• RECORDED DATA
-*-*-
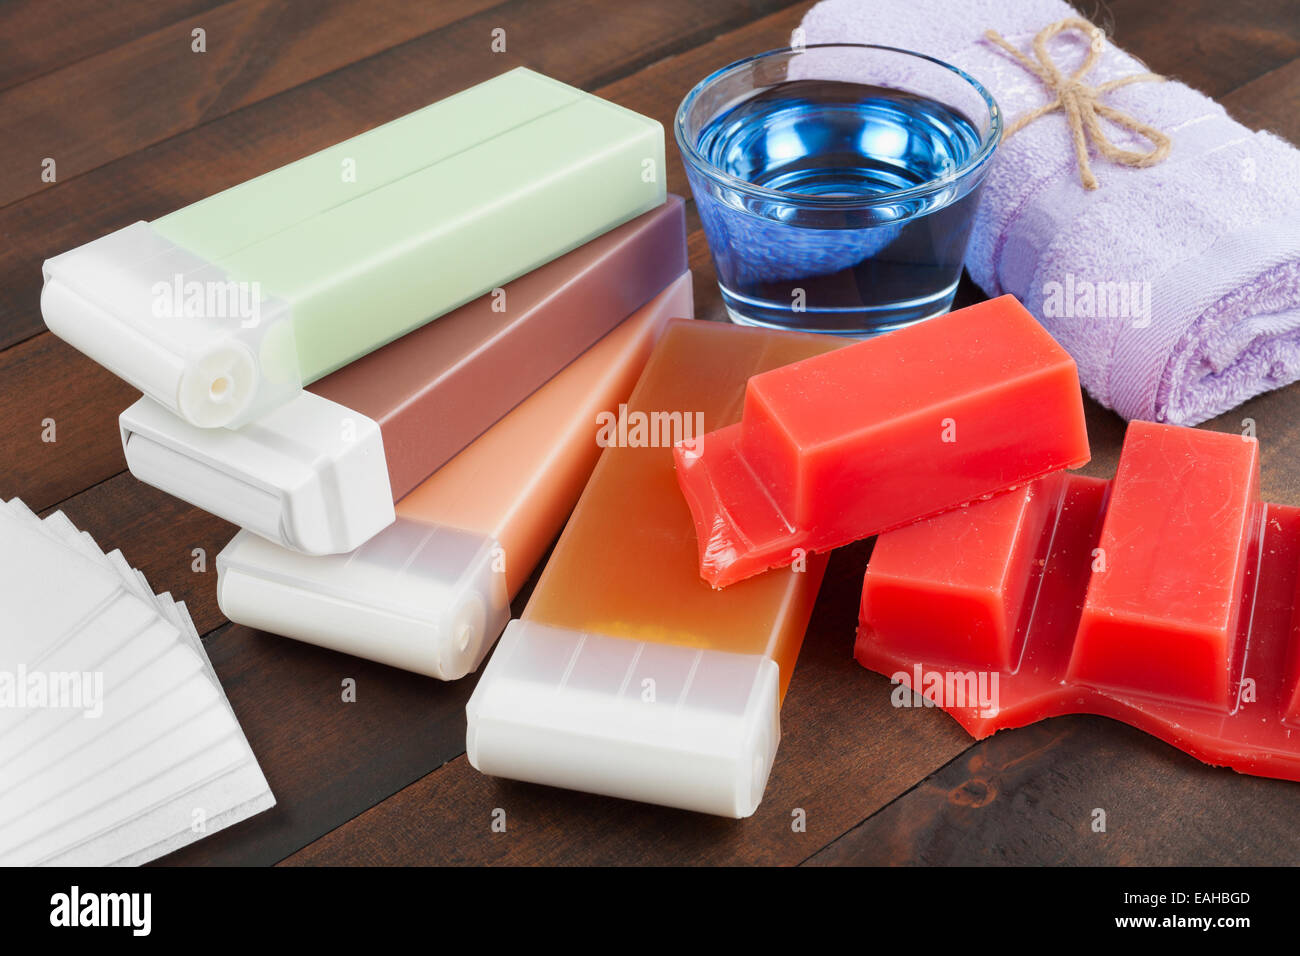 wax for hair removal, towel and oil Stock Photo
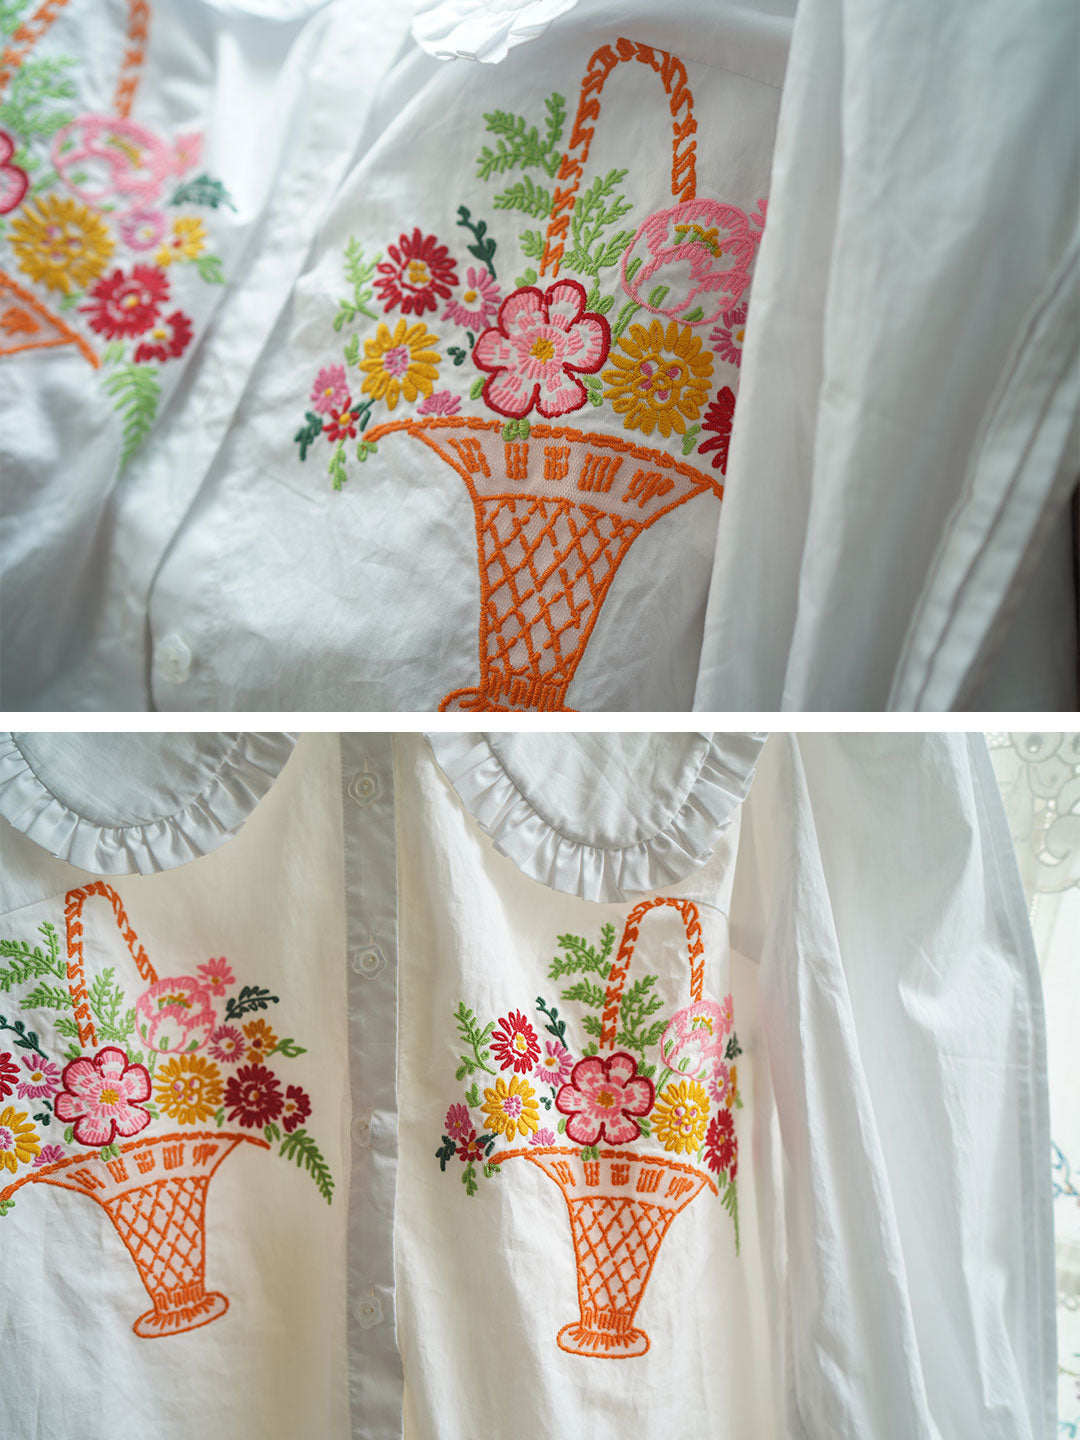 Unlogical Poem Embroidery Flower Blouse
-*-*-
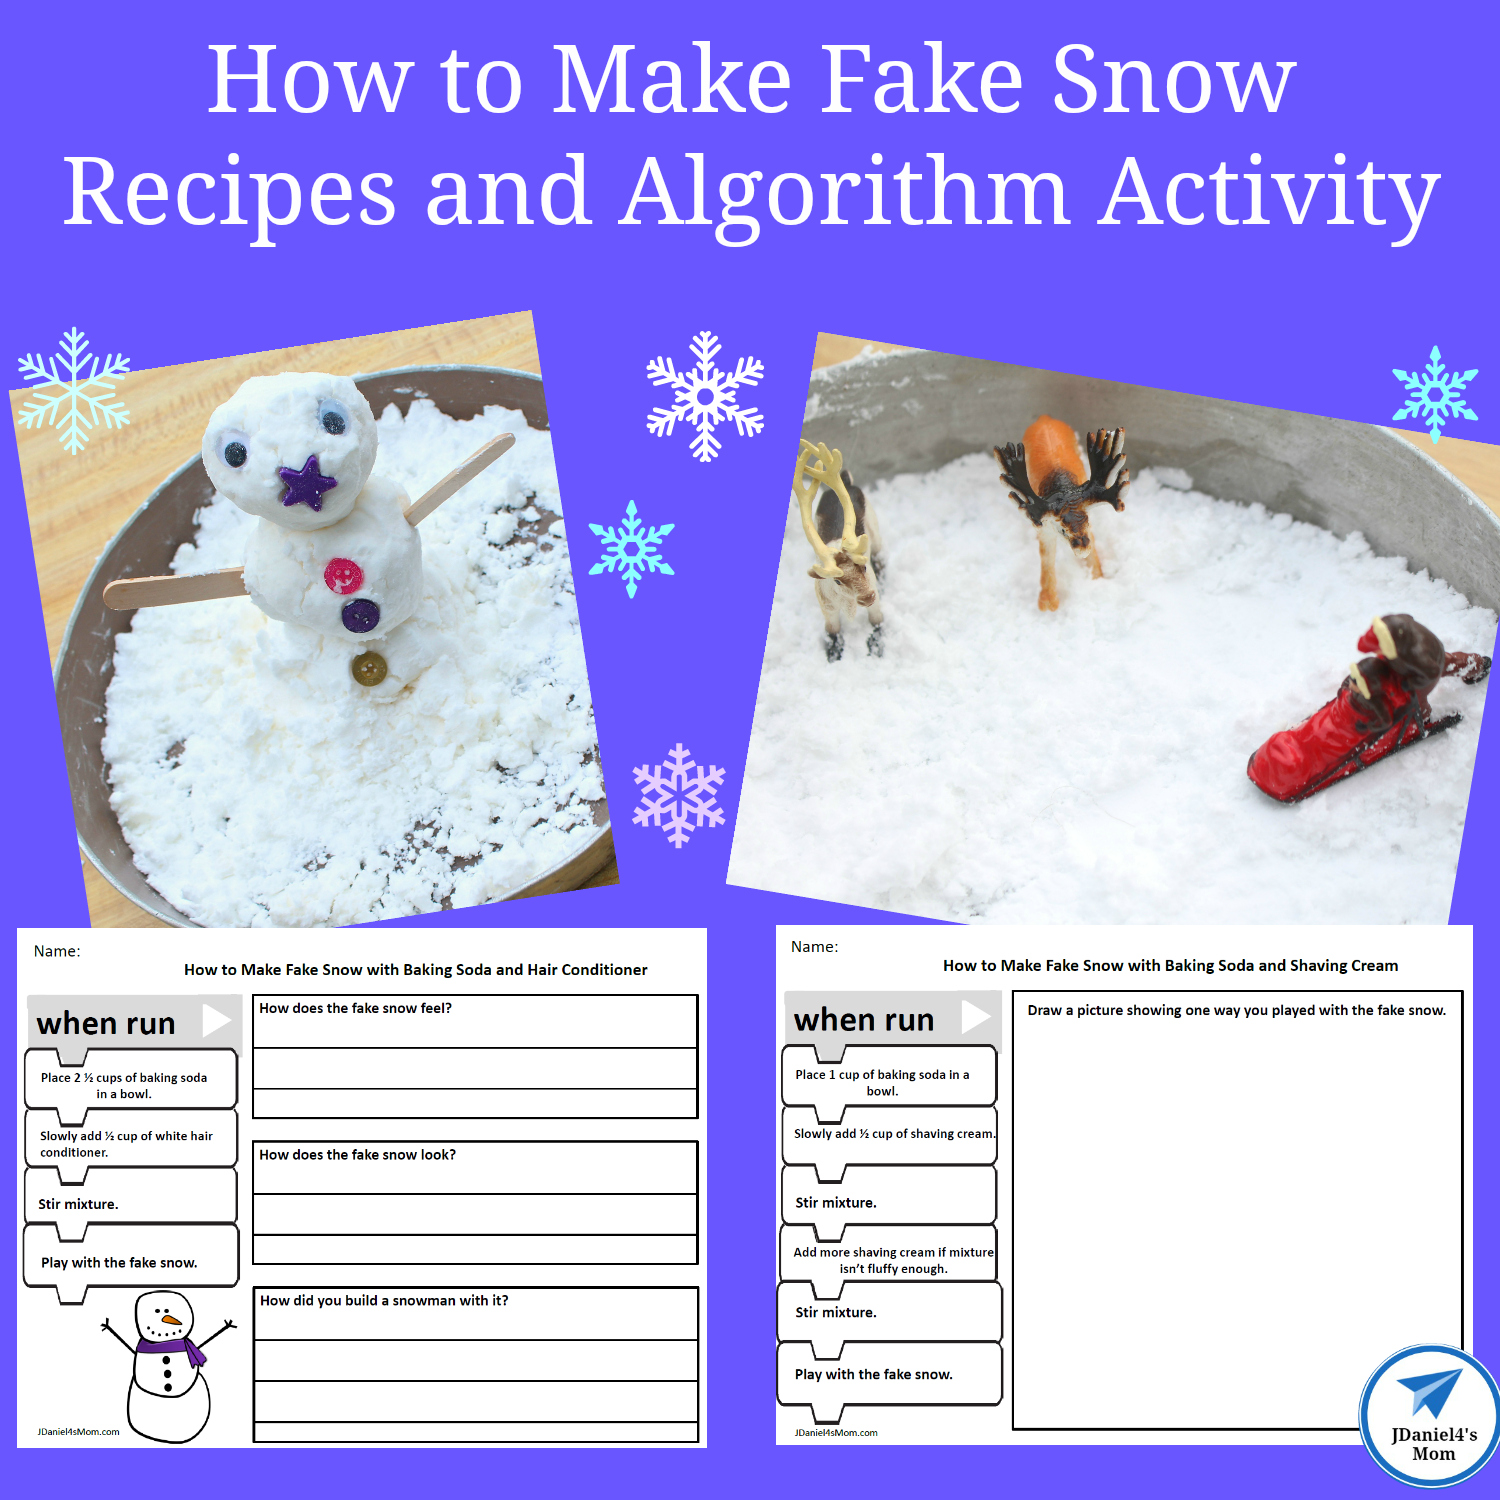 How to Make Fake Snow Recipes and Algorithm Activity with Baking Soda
-*-*-
All that should be printed is the run of lines above from the one with "wax for hair" through the one with "Unlogical Poem Embroidery Flower Blouse", both included, exactly as given, with pictures left out.

 wax for hair removal, towel and oil Stock Photo
 Unlogical Poem Embroidery Flower Blouse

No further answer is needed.